All lines in the records below from the line with "Classic Retro Fashion" through the line with "Alan Jackson Vol" are to be given again exactly, both ends included; the pictures are to be left out.

**MATERIAL FOR THIS TASK**
········
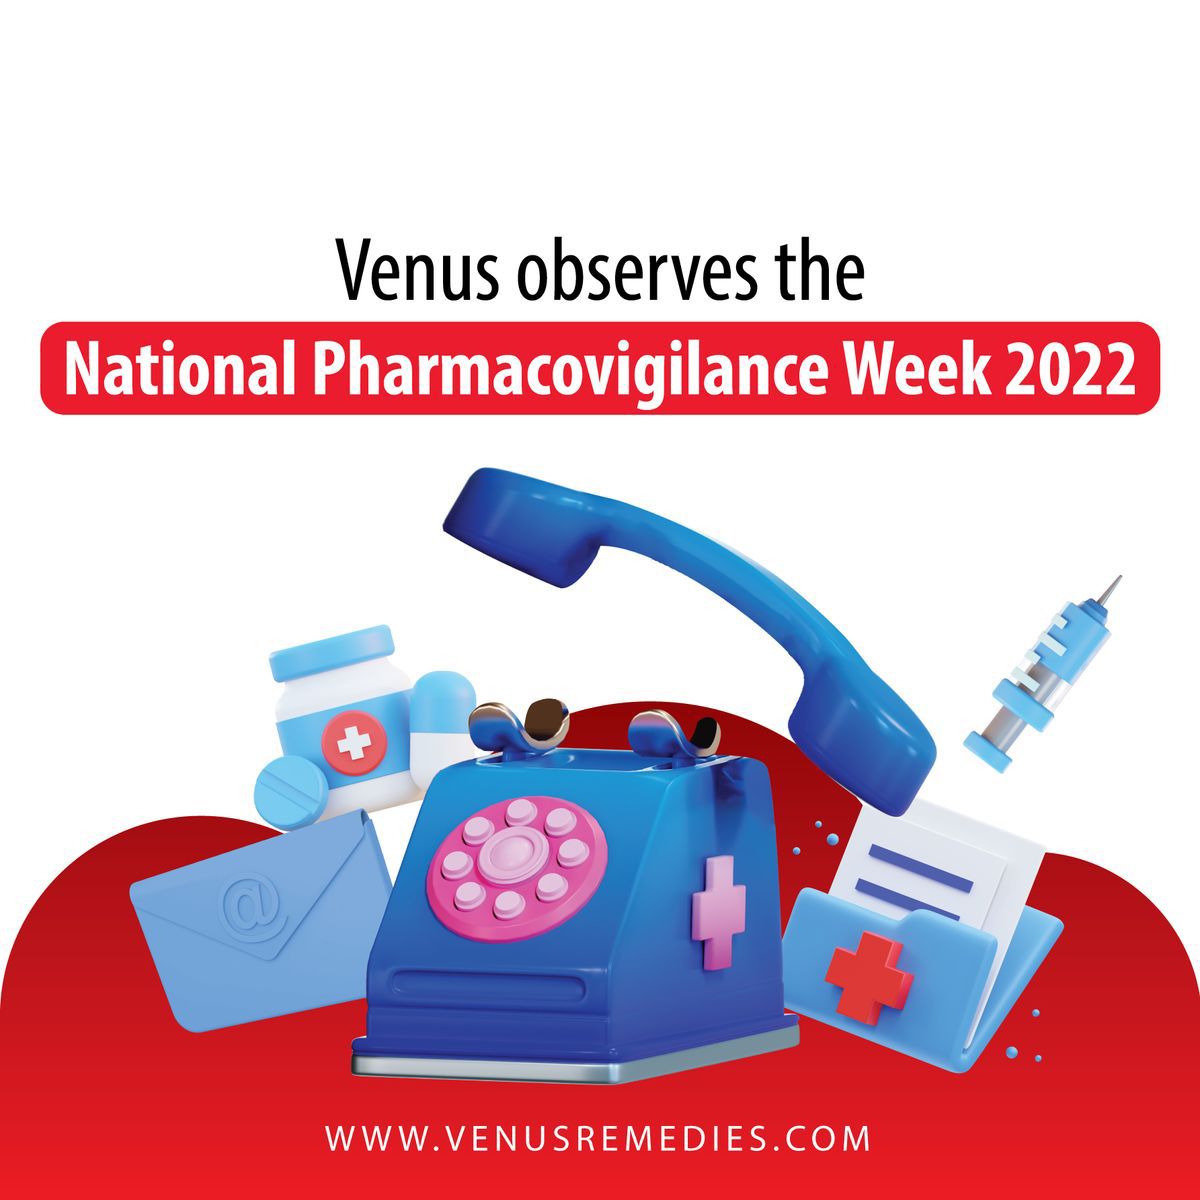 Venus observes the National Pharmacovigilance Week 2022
········
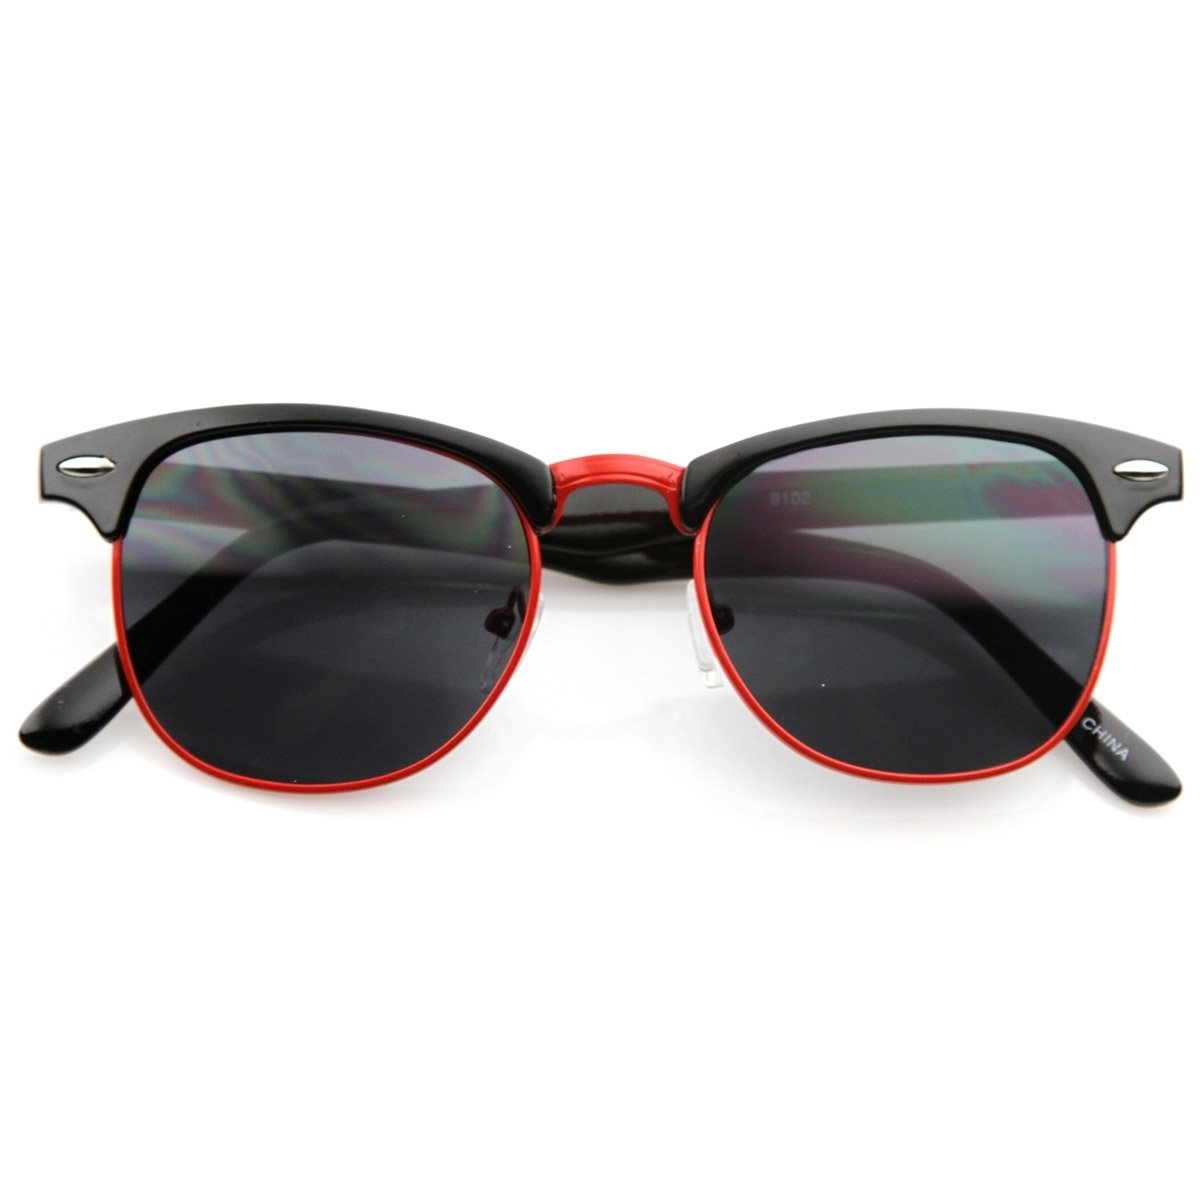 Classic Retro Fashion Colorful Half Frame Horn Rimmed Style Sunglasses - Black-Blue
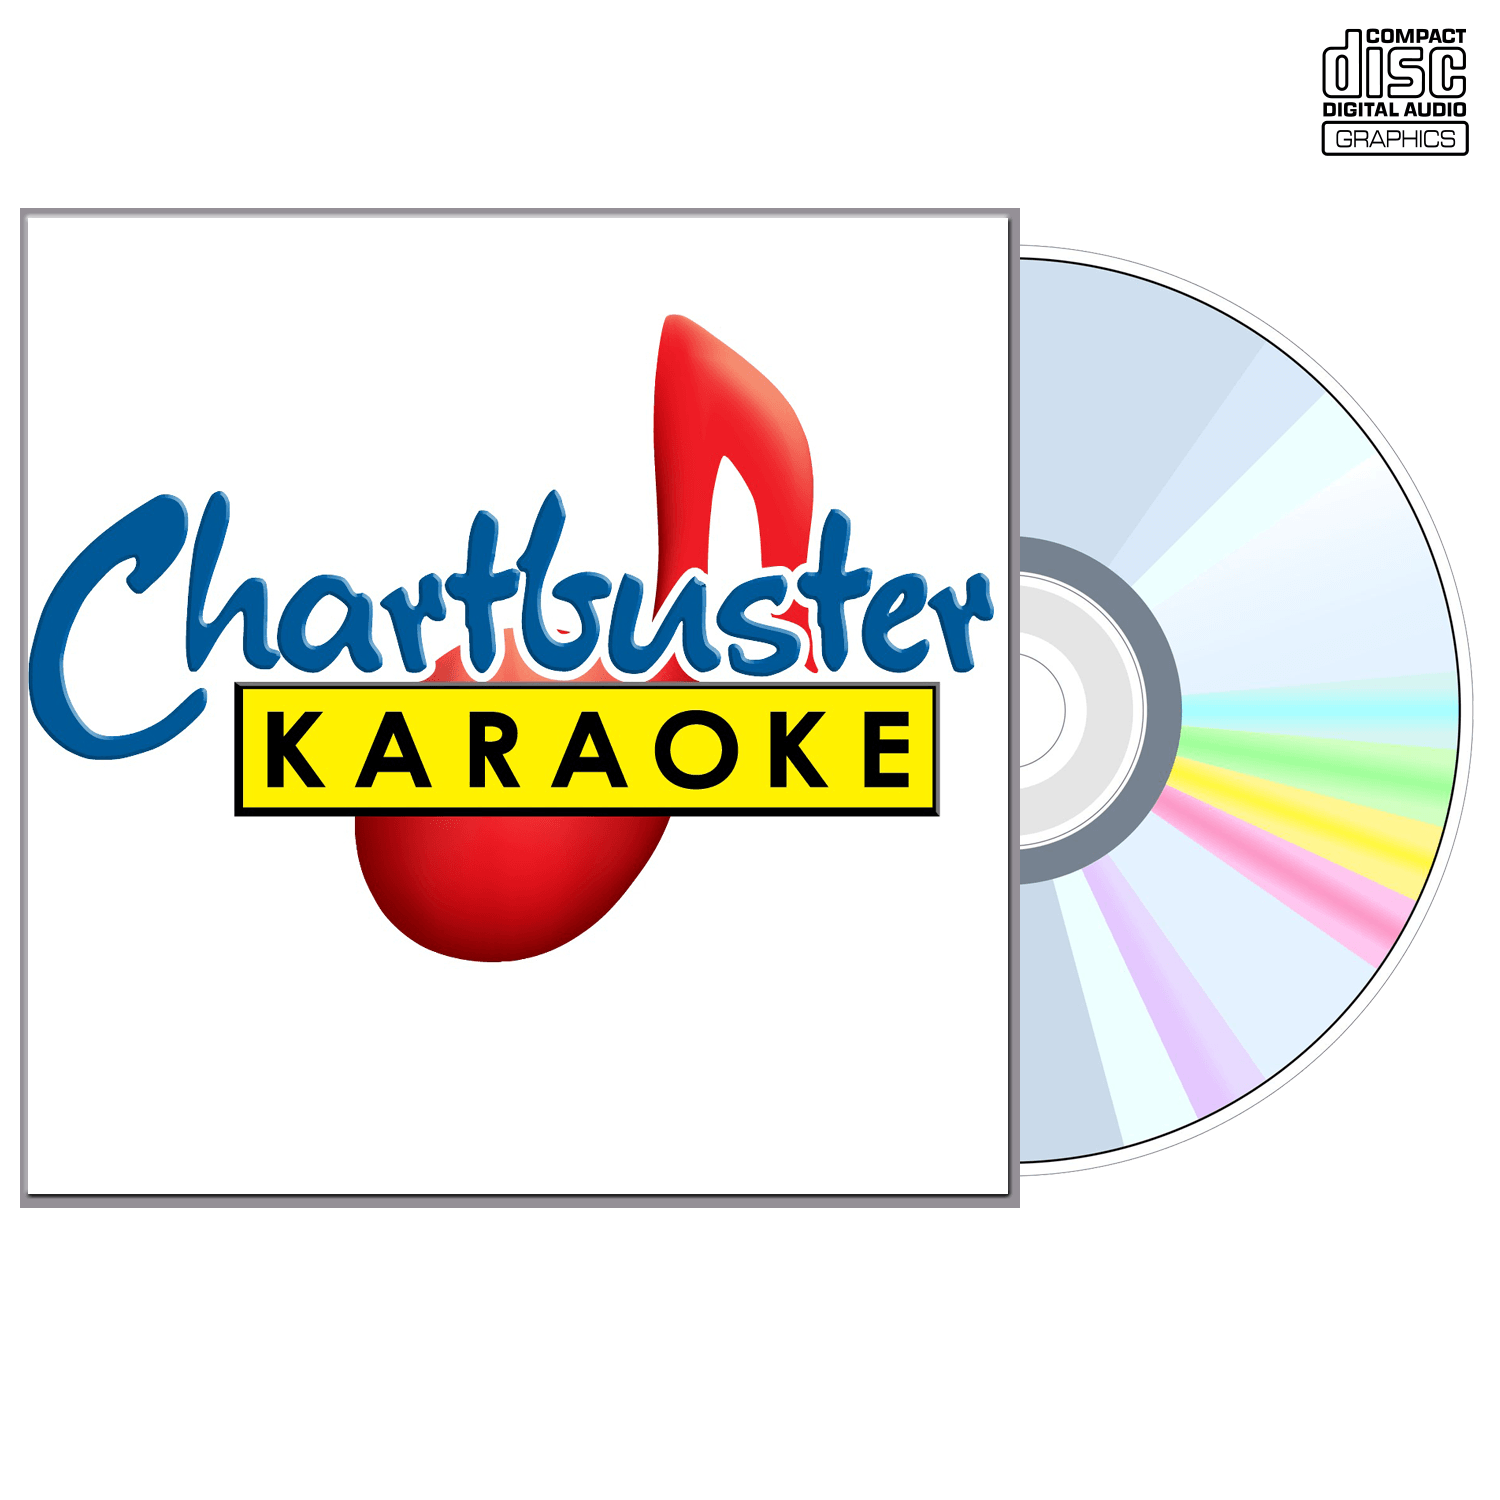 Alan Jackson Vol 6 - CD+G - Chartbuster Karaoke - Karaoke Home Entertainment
········
**RESULT FOR THIS EXERCISE**
 Classic Retro Fashion Colorful Half Frame Horn Rimmed Style Sunglasses - Black-Blue
 Alan Jackson Vol 6 - CD+G - Chartbuster Karaoke - Karaoke Home Entertainment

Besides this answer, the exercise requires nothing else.